Total internal reflection fluorescence (TIRF)
One of the first methods introduced to increase the useful concentration range of single-molecule fluorescence imaging was TIRF microscopy. In TIRF microscopy (Axelrod et al., 1984), an evanescent wave excites only those molecules in an ∼100-nm thin layer above a glass–water interface (van Oijen, 2011). Though TIRF can be used to study molecular and cellular phenomena at any liquid–solid interface (such as transport on membranes), it has proven to be most useful in single-molecule microscopy. The reduction of the excited volume as a result of the thin evanescent wave results in an increase of the signal-to-background ratio that allows high-contrast imaging of single molecules up to a concentration of ∼10s of nM. A good example of the application of TIRF microscopy in single-molecule studies is the mechanism of DNA replication. Applying TIRF imaging to purified and fluorescently labeled replication proteins acting on surface-tethered and flow-stretched DNA molecules, the dynamic behavior of bacteriophage T7 polymerases within replisomes was visualized during DNA synthesis. Though it was previously assumed that polymerases are stably bound to the replication fork, it was demonstrated that the polymerases in fact rapidly exchange with those in solution (Geertsema et al., 2014). TIRF microscopy has also allowed the real-time visualization of in vitro reconstituted eukaryotic replication-origin firing. It was shown that the helicase motor domains Mcm2–7 bind as double hexamers preferentially at a native origin sequence and that single Mcm2–7 hexamers propagate bidirectionally, monotonically, and processively as constituents of active replisomes (Duzdevich et al., 2015). For kinesins, TIRF microscopy has been used to work out a longstanding mechanistic controversy on their walking mechanism. By labeling a single head of dimeric kinesin with a fluorophore and localizing the position of the dye, it was observed that a single kinesin head moves in alternating steps of 16.6 and 0 nm. This observation proves that kinesins take steps in a hand-over-hand mechanism and not an inchworm mechanism (Yildiz et al., 2004).

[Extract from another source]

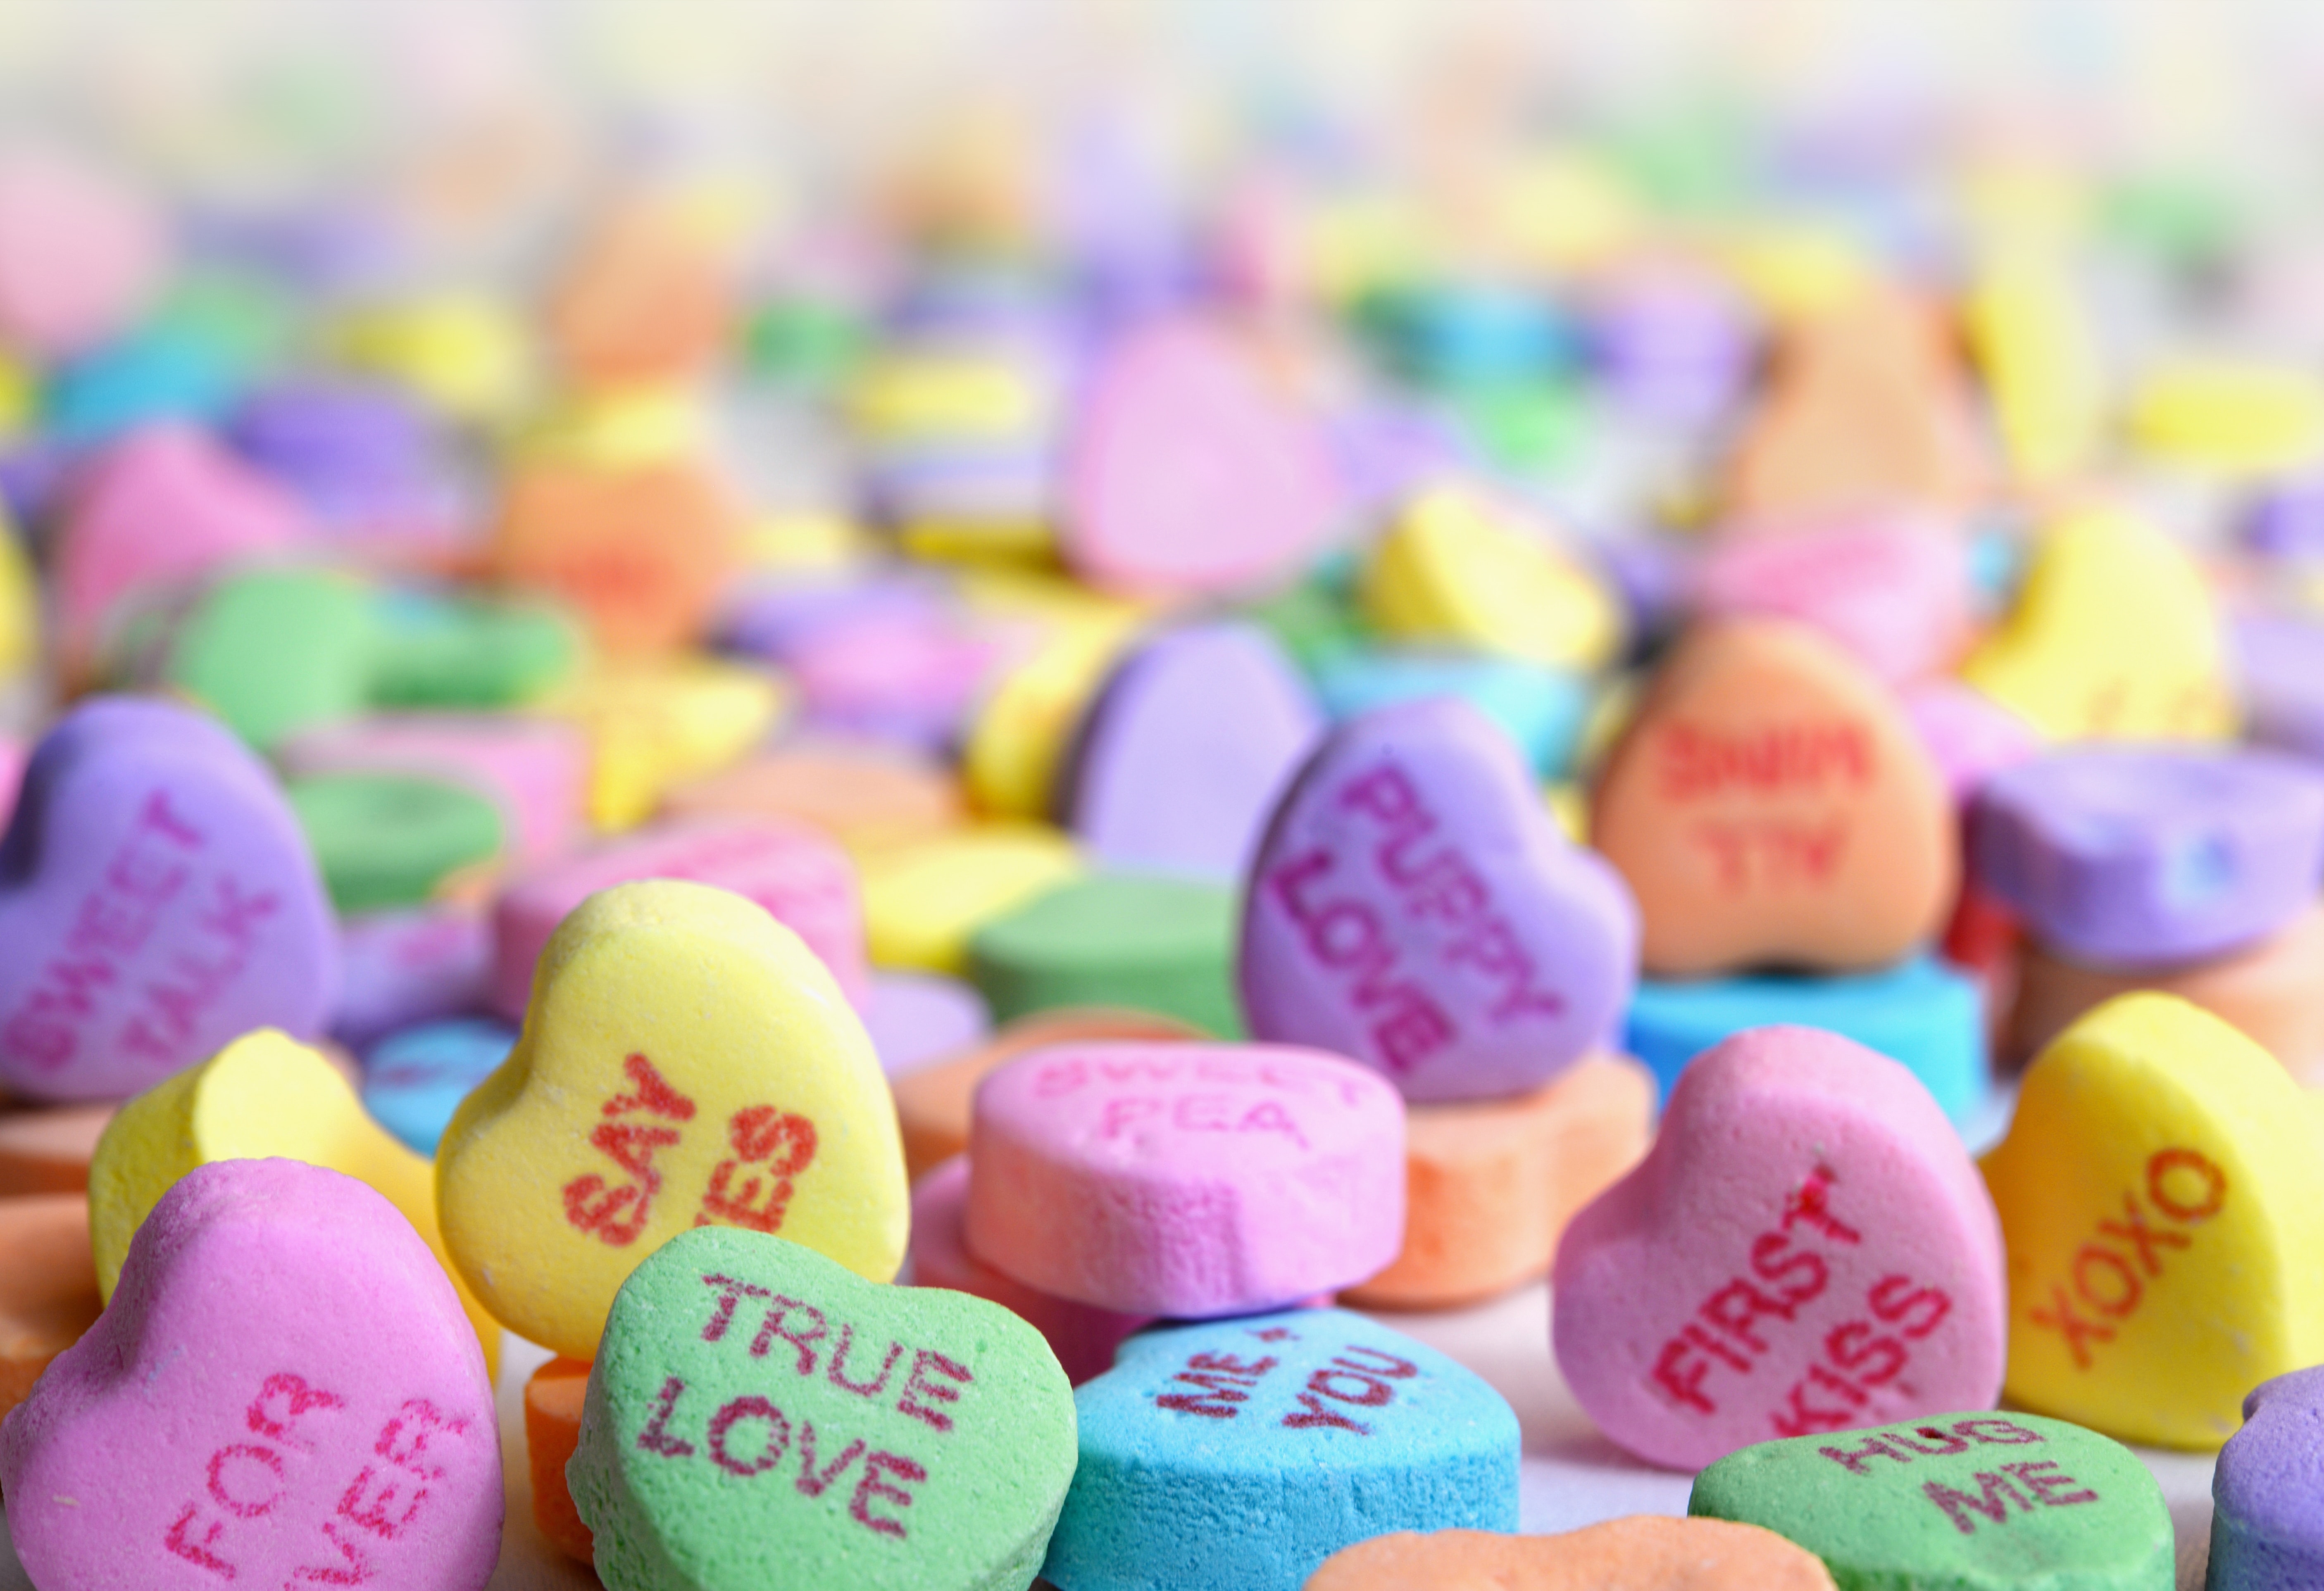 Sweethearts 'Situationship' Candies: A Delightful Twist on Modern Romance - Solange Isaacs.

In vivo, near-TIRF microscopy has been used to examine the replisome stoichiometry and architecture in living cells. Using fully functional fluorescent derivatives of E. coli replisome components expressed from their endogenous promoters, it was shown that active replisomes contain three molecules of the replicative polymerase Pol III core, rather than the historically accepted two (Fig. 3, A–F; Reyes-Lamothe et al., 2010). The mutagenic polymerase Pol V, one of the players in the bacterial SOS response to DNA damage, was recently visualized at the single-molecule level in live E. coli cells. It was shown that Pol V is, beyond the known regulatory mechanisms at the transcriptional and posttranslational level, subject to a novel form of spatial regulation, in which it is transiently sequestered at the inner cell membrane (Robinson et al., 2015). Movement of kinesins and dyneins has been observed inside living cells using fluorescence imaging with one-nanometer accuracy (FIONA). GFP-tagged peroxisomes in cultured Drosophila melanogaster S2 cells were located within 1.5 nm in 1.1 ms. Surprisingly, dyneins and kinesins do not work against each other during peroxisome transport in vivo. Rather, multiple kinesins or multiple dyneins work together, producing up to 10 times the speed previously reported in in vitro measurements (Kural et al., 2005).
Local activation of dye (LADye), photoactivation, diffusion, and excitation (PhADE), and point accumulation for imaging in nanoscale topography (PAINT)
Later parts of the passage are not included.